The above actions and initiatives had been adopted at the closing of PrepCom 2. During the Special Session, a number of remaining and new issues were subject to protracted intergovernmental negotiations or to controversy in the conference halls.
THE RIGHT TO ADEQUATE HOUSING
For many NGOs and UN officials present at the Special Session, the most significant area of contention in relation to the negotiations was the absence of reference to the right to adequate housing in the Declaration. Such a reference had been deleted from an earlier draft presented at PrepCom 2, at the insistence of the United States in particular. Despite intense lobbying efforts by NGOs and several UN bodies and officials, the right to adequate housing did not appear in the final version of the text.
The UN High Commissioner for Human Rights, Mary Robinson, had forwarded to the Chairman of the General Assembly a letter circulated at the Special Session containing the statements of two human rights treaty monitoring bodies (the UN Committee on Economic, Social and Cultural Rights and the UN Committee on the Rights of the Child), and of the UN Special Rapporteur on the right to adequate housing, Miloon Kothari, appointed last year by the UN Commission on Human Rights.

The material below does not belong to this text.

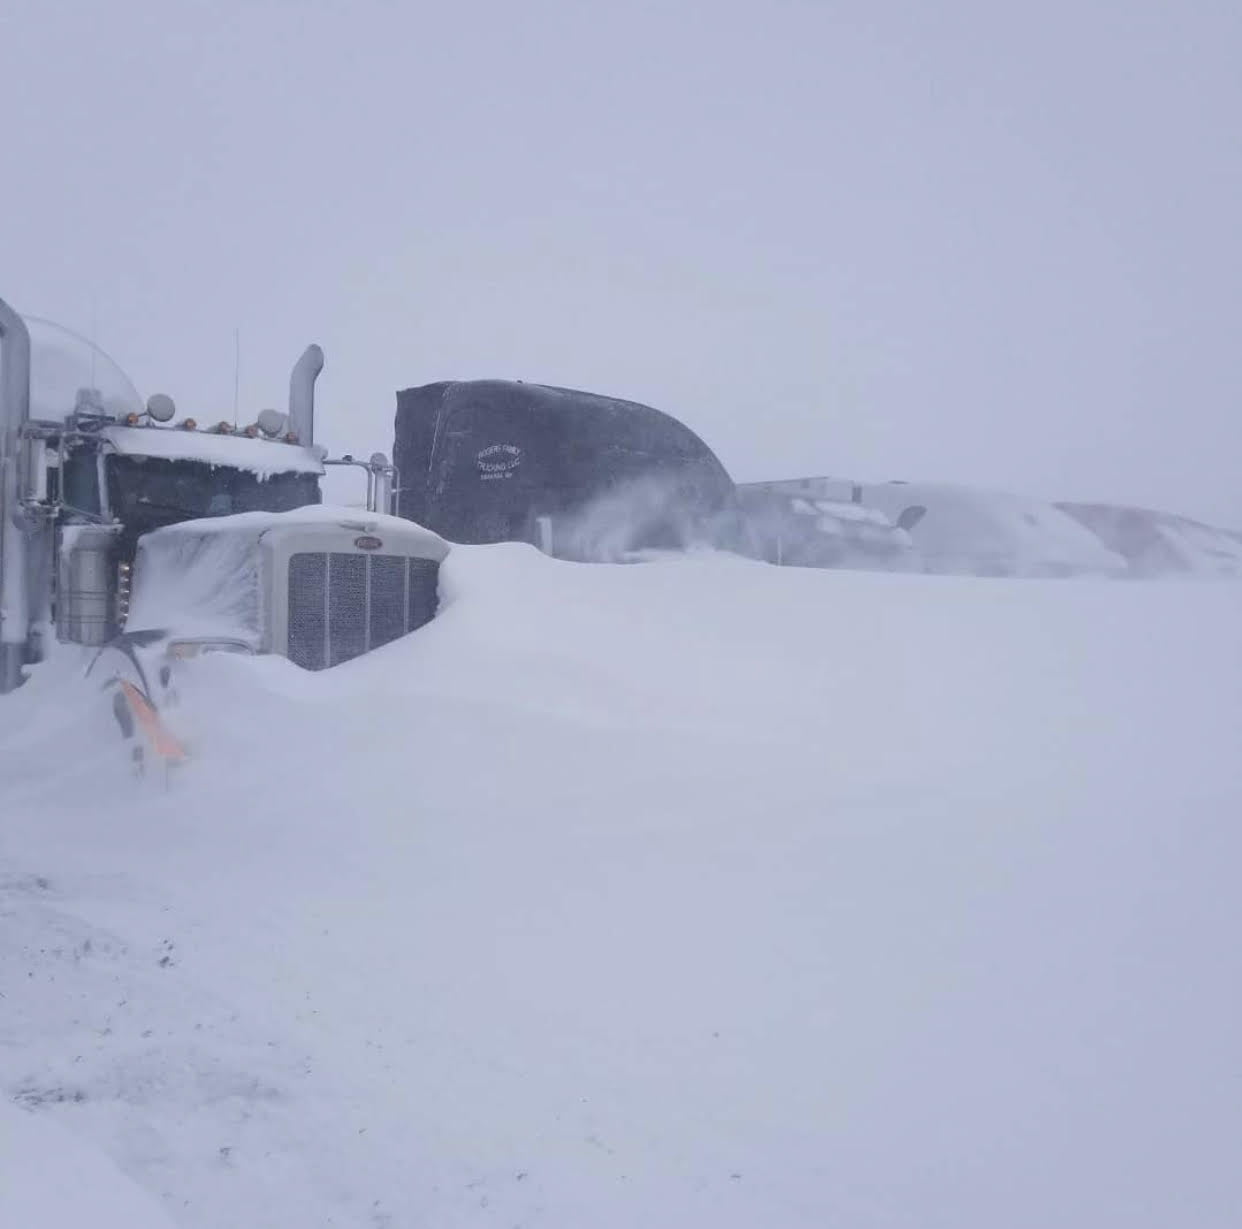 Winter Storm Landon Brings Travel Bans, Restrictions

All three statements, as well as the one issued by Mary Robinson’s representative in New York, reminded delegates that adequate housing is a fundamental human right referred to in several international instruments and reaffirmed at Habitat II. They urged delegates to reintroduce it and build on the rights-based approach to human settlements development in the final Declaration.

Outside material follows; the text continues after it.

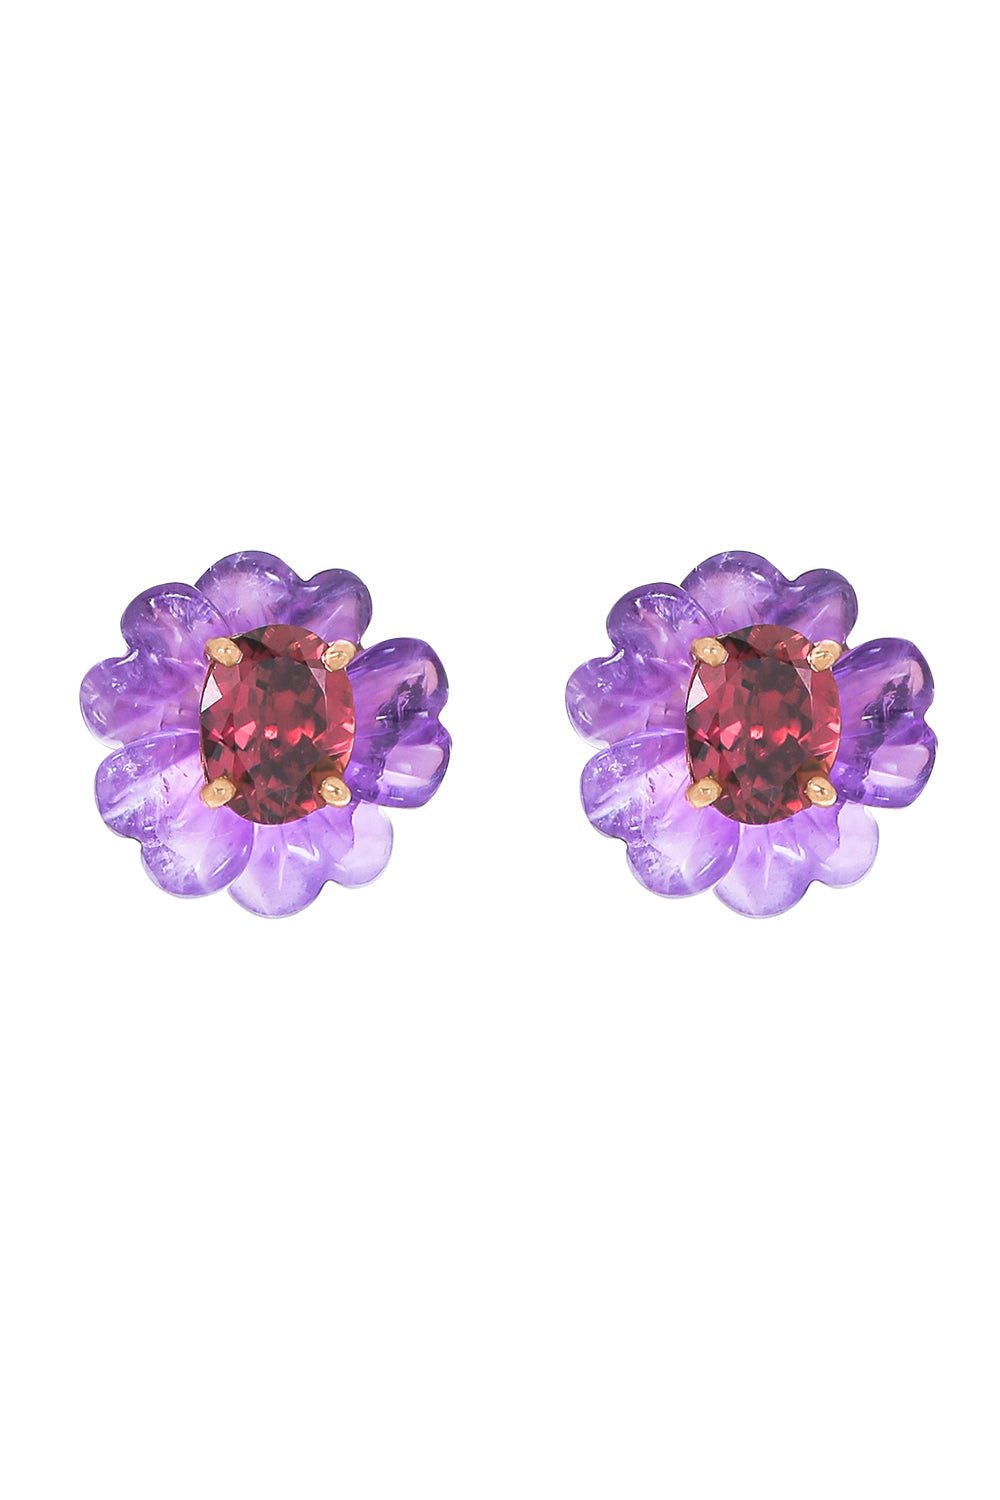 IRENE NEUWIRTH JEWELRY-Tropical Flower Stud Earrings-ROSE GOLD

At a panel on the right to adequate housing organized by the Office of the High Commissioner for Human Rights (OHCHR), UNCHS and Global Parliamentarians on Habitat held on 6 June, the Chair of the UN Committee on Economic, Social and Cultural Rights, Virginia Dan-Dan (Philippines), stated that the omission of the right to adequate housing in the final Declaration would “seriously undermine achievements made over the last decade at the national and international level in promoting the right to adequate housing, and would constitute a step backwards from the recognition of human rights in the Istanbul Declaration on Human Settlements and the Habitat Agenda adopted in 1996.”

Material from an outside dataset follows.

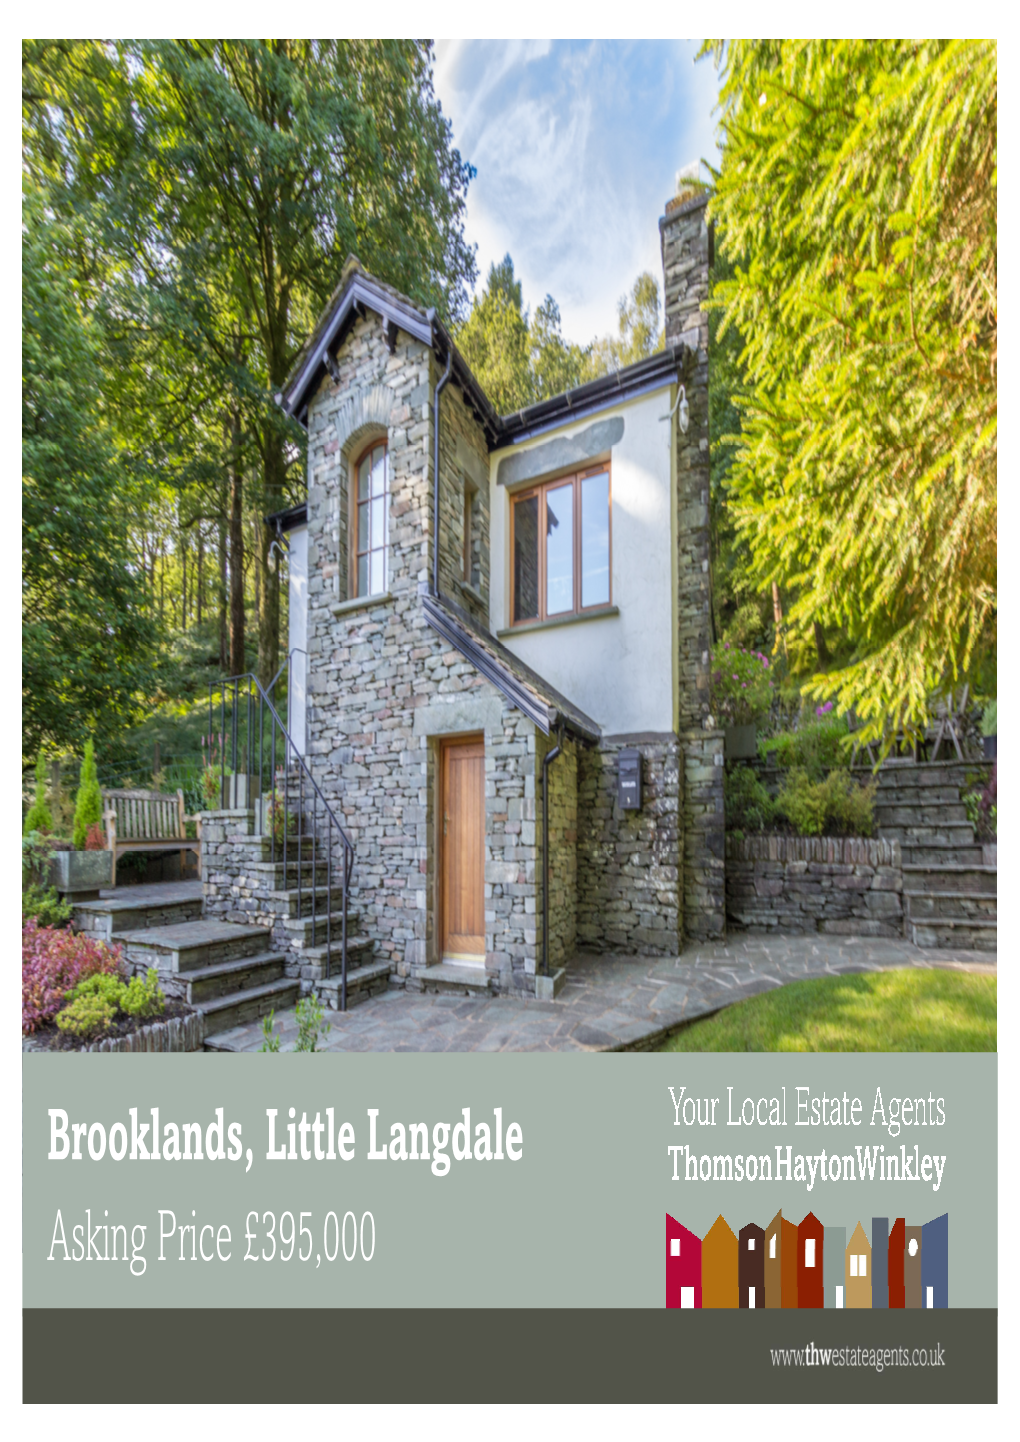 Brooklands, Little Langdale Asking Price £395,000

When later in the week, it became less and less likely that any government was willing to attempt reintroducing reference to the right to adequate housing in the Declaration, Habitat International Coalition (HIC) issued a statement entitled “Back to the Future” that was formally endorsed by over 30 NGOs from more than 20 countries, and supported by the wide majority of the participants attending the evening NGO strategy sessions. Among other things, the statement says:
“The relevant human rights guidance and norms that have emerged in this review period are vital to solving problems of housing and human settlements. For example, the jurisprudence of housing rights cases through the monitoring by the UN treaty bodies, as well as the findings of the other political and factual mechanisms of the UN human rights system, have clarified our understanding of housing rights issues at the global and country-specific levels. The State delegations gathered here deliberately have evaded these developments, categorically rejecting any acknowledgement of the human right to housing and other related standards that guide states in the field of human settlements....We understand that this regressive post-Istanbul trend has been championed by a very few States, including both those who are long-standing and new ratifying parties to the relevant human rights covenants, as well as at least one State that remains outside the relevant human right treaties. In some cases, that rejection of guidelines on implementing the right to adequate housing and on forced evictions, apparently arising from impulses of State sovereignty, has come from States that have incorporated these norms into their own domestic laws. Unfortunately, contrary to the spirit of international cooperation toward the progressive realization of rights...the rest of the States have joined the lowest common denominator of States and drafted a new, inferior standard.”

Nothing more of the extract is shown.